It depends on what you’re doing, it’s not so simple to answer that, just looking at each case could make a decision, and everything after measuring, because it’s not always intuitive.
Contrary to what many people think, basic processing is cheap, access to memory is expensive, very expensive, it’s orders of magnitude. The more you avoid access to memory the faster your application becomes, so apply tricks that help the processor not access the main memory (I won’t even mention the mass memory because then the difference becomes brutal) and access the processor’s own memory (cache)or even that and get everything done in the register, the faster it gets.
But you have to be careful with this thing of creating variable to generate access to memory. This may not happen, in fact the variable may even disappear in the compilation if it is not necessary. And if you need something intermediate there will be a cost equal to what you had creating a variable even if your code has no variable at that point.
The programmer’s intuition does not always work, even when he has deep knowledge of the functioning of the computer, operating system, computation and other elements, imagine who does not have.
The most important thing is to test in that situation, because a change may already change everything.
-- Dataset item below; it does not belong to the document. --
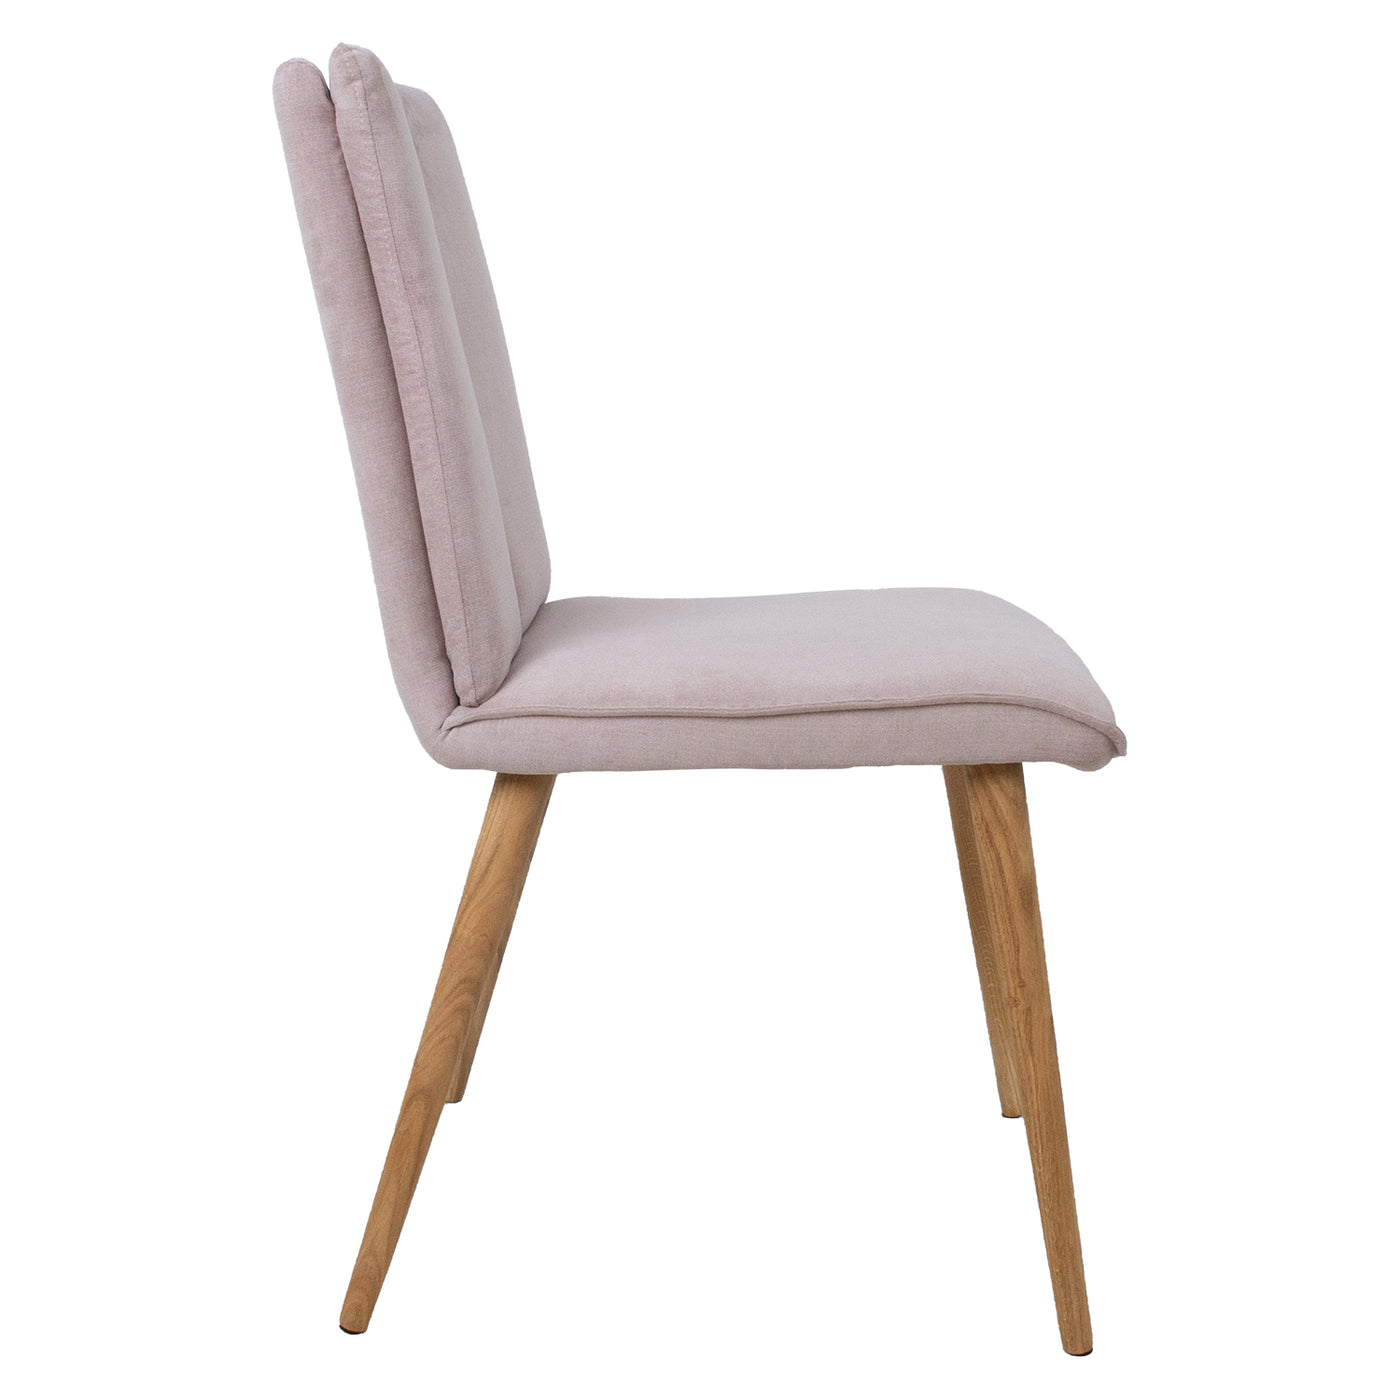 Nova tuoli, vanha roosa/tammi - Mööpeli.com

What’s more, this may not even be the reason to slow down or not. Who knows if you’re allocating string where you shouldn’t, or even if you need to, if there’s a copy... there’s so much that can affect more than that. Anyway, it’s not the variable in itself that will become the problem is the object.
Now, the question is a little strange when it comes to creating variables within a struct
because it’s the only thing you can create in her.
Creating a separate function or not is another matter. In general I say you should do what is most readable and then think about performance. But if you’re doing things in main()
should be something very simple, probably not a real concern to have.
If you can put as much as possible into stack, this is what seems to matter most to the case. Or inline if it makes sense (case of a struct
), but it doesn’t always fit.
Beware of the premature optimizations!